The fact that I am deeply hostile to video games with unit designers that expect you to design your own ships doesn't help either, they're particularly common in games that feature ships (be they of the seagoing or spacefaring variety).

Pity.

Would you be willing to elaborate on this a bit more?

Sanguinia
Jan 1, 2012

~Everybody wants to be a cat~
~Because a cat's the only cat~
~Who knows where its at~

Thinking on it today, I was able to remember one naval battle of actual plot significance in WoW: the fight between Genn Greymane's air gunship and the Horde fleet sailing for Stormheim in Legion. It was a pretty fun quest too, although you don't really participate in any actual naval battle, the player's actions are fighting boarding parties and doing air support on war bats.

Cythereal
Nov 8, 2009

I love the potoo,
and the potoo loves you.

Quackles posted:

Would you be willing to elaborate on this a bit more?
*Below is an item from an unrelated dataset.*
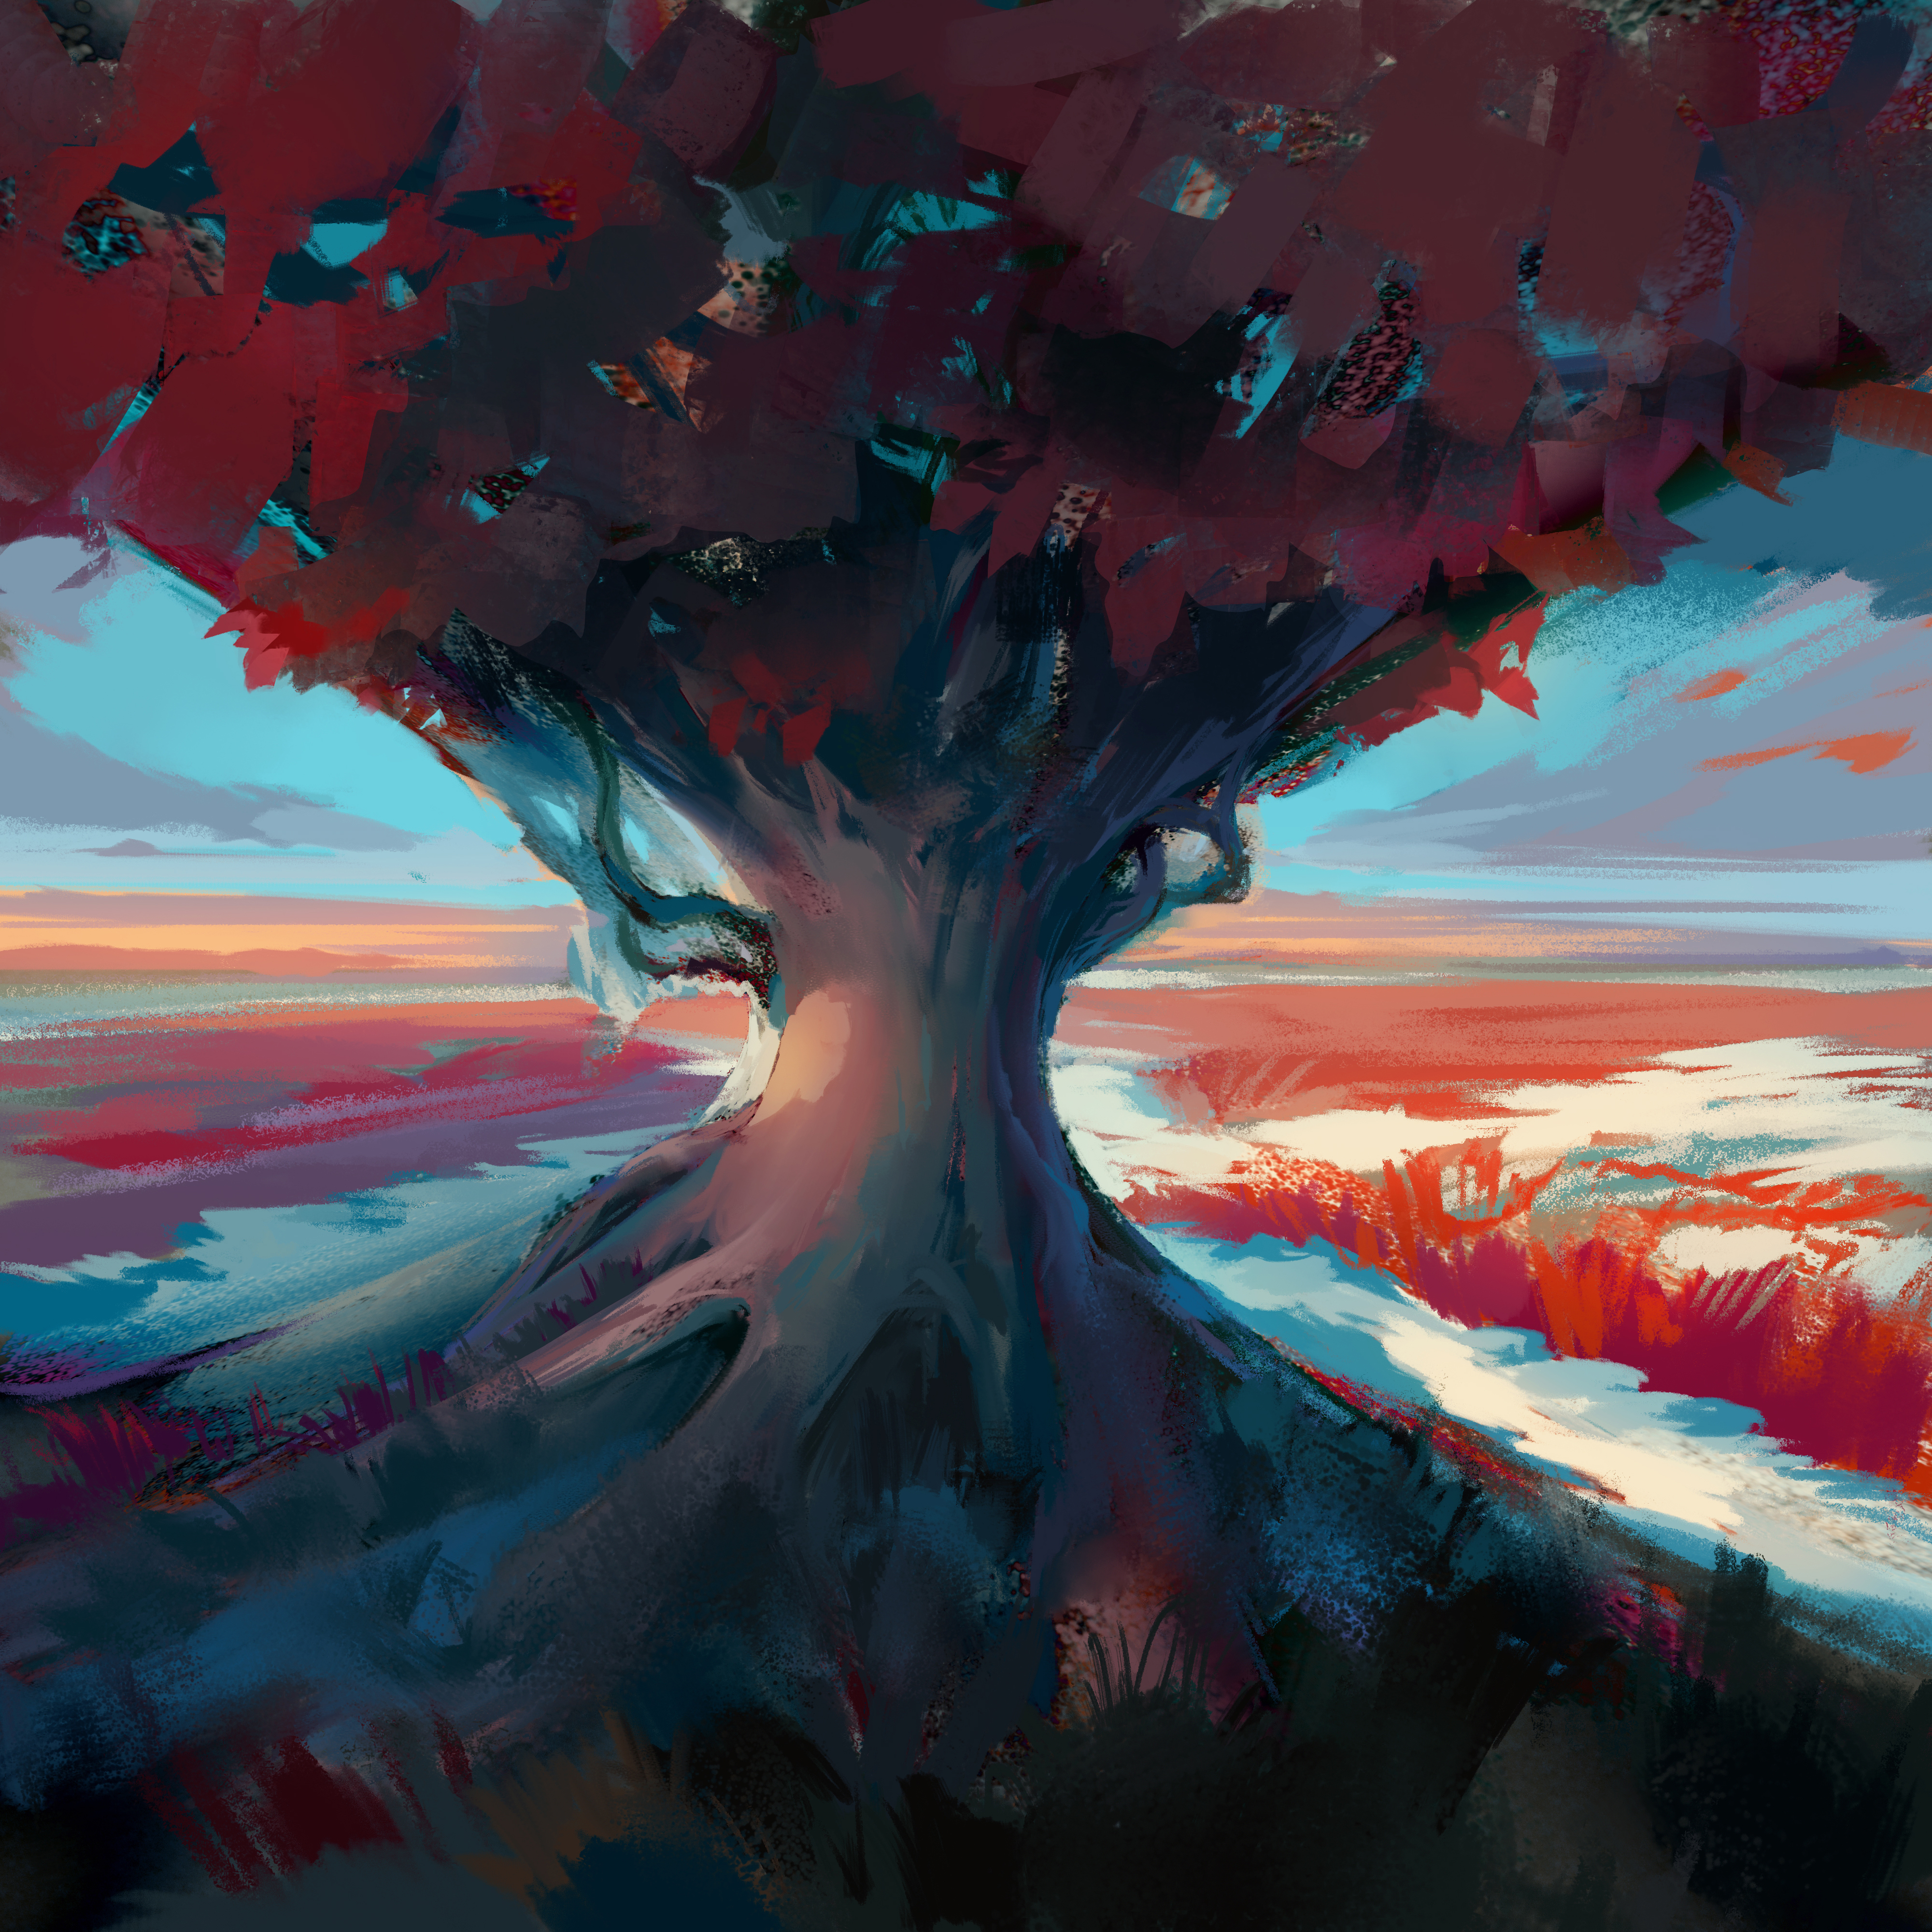 1366x768 Tree Digital Art 4k 1366x768 Resolution HD 4k

Dating back to Master of Orion, a very common feature of non-historical 4X games is the unit designer. A subsystem that allows you to customize your units, or make your own from scratch. You typically have a wide variety of chassis, defenses, weapons, special abilities, passive bonuses, etc. Even non-naval 4X games sometimes get into it, like Endless Legend.

This subsystem is one that I almost invariably dislike. I much prefer being given a pre-defined list of units with well designed roles. To me, unit designers tend to either feel like pointless busywork as I research Laser Gun Mk2 and have to upgrade my fleets from Laser Gun Mk1, or they feel like a major part of the gameplay and you have to have well-built units to have a chance of succeeding. Pre-made units are almost invariably mediocre in such games, or at least not as good as they could be.

There's even some games where this is a central gameplay feature, like Rule the Waves or goon-designed naval action game Waves of Steel.

Now, I have seen games where I liked the presence of a unit designer! Sid Meier's Alpha Centauri is my gold standard: a carefully restricted and very self-explanatory set of things you can modify, with an extensive help system and the unit designer is great at suggesting things. There is some room for creativity, like my favored synthmetal formers so they can gain veterancy to shrug off mind worms, but the game does a fine job on its own.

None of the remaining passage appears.